Huge bonus: the team is very responsive and helpful on Discord.

fulmicoton · 2 years ago
Thank you @tyler!!!
karmakaze · 2 years ago
Another resource is a trigram search index (in Go) used by etsy/hound[0] based on an article (and code) from Russ Cox: Regular Expression Matching with a Trigram Index[1].

[0] https://github.com/hound-search/hound

[1] http://swtch.com/~rsc/regexp/regexp4.html

Different use-cases for alternatives to Lucene depending on your needs.

yencabulator · 2 years ago
Beware, you still cannot add/remove fields: https://github.com/quickwit-oss/tantivy/issues/470

The only way to add fields is to reindex all data into a different search index.
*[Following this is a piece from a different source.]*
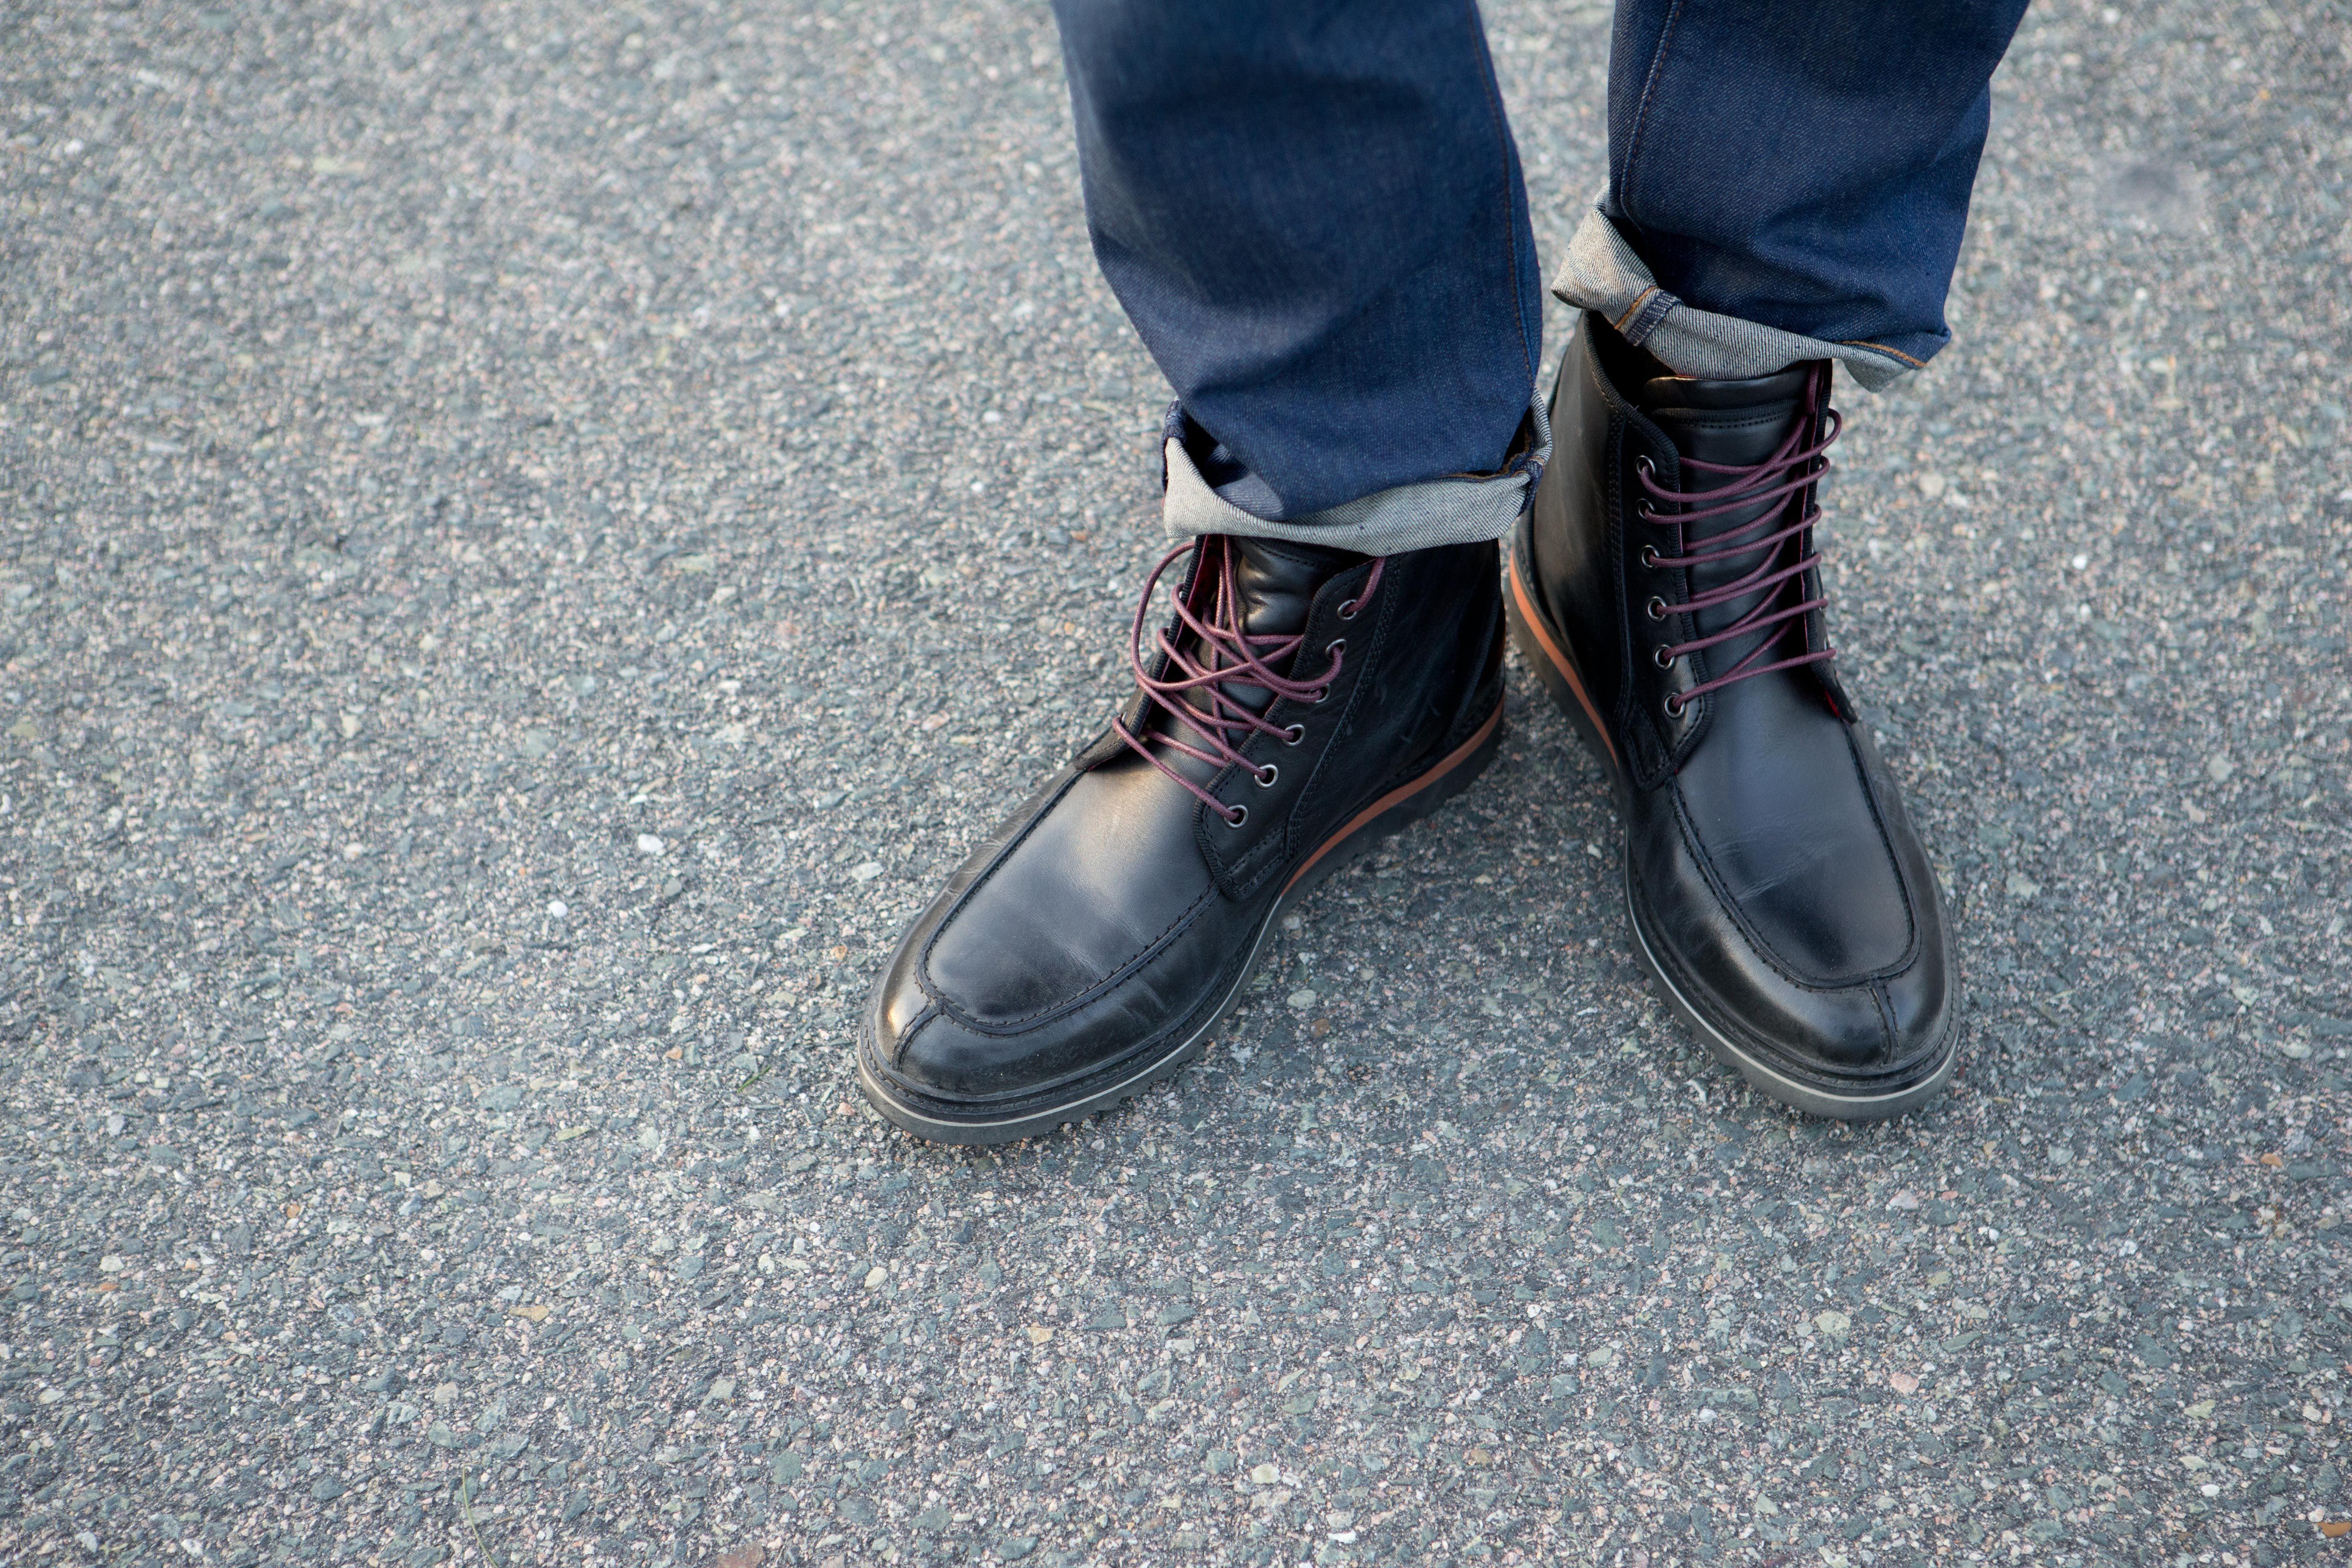 Shine those shoes

francoismassot · 2 years ago
One workaround is to use the JSON field, see doc https://github.com/quickwit-oss/tantivy/blob/main/doc/src/js...
kaathewise · 2 years ago
I was searching for a Meilisearch alternative (which sends out telemetry by default) and found Tantivy. It's more of a search engine builder, but the setup looks pretty simple [0].

[0]: https://github.com/quickwit-oss/tantivy-cli

ukuina · 2 years ago
QuickWit also sends telemetry by default: https://quickwit.io/docs/telemetry
OtomotO · 2 years ago
Hm, I am interested, but I would love to use it as a rust lib and just have rust types instead of some json config...
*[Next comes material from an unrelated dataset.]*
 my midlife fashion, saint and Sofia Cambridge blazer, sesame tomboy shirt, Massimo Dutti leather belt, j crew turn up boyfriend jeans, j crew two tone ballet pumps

The java sdk of meilisearch was also nice, same: no need for a cli and manual configuration. I just pointed it to a db entity and indexed whole tables...

Would love that for tantivy

PSeitz · 2 years ago
> Hm, I am interested, but I would love to use it as a rust lib and just have rust types instead of some json config...

Yes that's how you use tantivy normally, not sure which json config you mean.

tantivy-cli is more like a showcase, https://github.com/quickwit-oss/tantivy is the actual project.

banish-m4 · 2 years ago
That's a petty objection to usable interactive search when it's easy to opt-out by adding a single command line argument.
soulofmischief · 2 years ago
OP is entitled to make political choices when selecting software.

Some of us have specific principles of which things like opt-out telemetry might run afoul.

OP will choose their software, I choose mine and you choose yours; none of us need to call each other petty or otherwise cast such negative judgement; a free market is a free market.

kaathewise · 2 years ago
It's a minor complaint, but I'm also evaluating it for a minor project. I just don't like the fact that I can forget to add a flag once and, oh, now I'm sending telemetry on my personal medical documents.
Nathanba · 2 years ago
also meilsearch is more like quickwit, their distributed offering but quickwit is AGPL
kernelsanderz · 2 years ago
Tantivy is also used in an interesting Vector Database product called LanceDb - https://lancedb.github.io/lancedb/fts/ to provide full text search capabilities. Last time I looked it was only through the python bindings, though I know they're looking to implement the rust bindings natively to support other platforms.
axegon_ · 2 years ago
I started working on a personal project a few years ago, after being insanely frustrated with the resource hog that is elasticsearch. That is coming from someone who's personal computer has more resources than what a number of generous startups allocate for their product. I opted for Tantivy for two reasons: one was my desire to do the whole thing in rust and second was Tantivy itself: performance is 10/10, documentation is second to none and the library is as ergonomic as they get. Sadly the project was a bite that was way too big for a single guy to handle in his spare time, so I abandoned it. Regardless, Tantivy is absolutely awesome.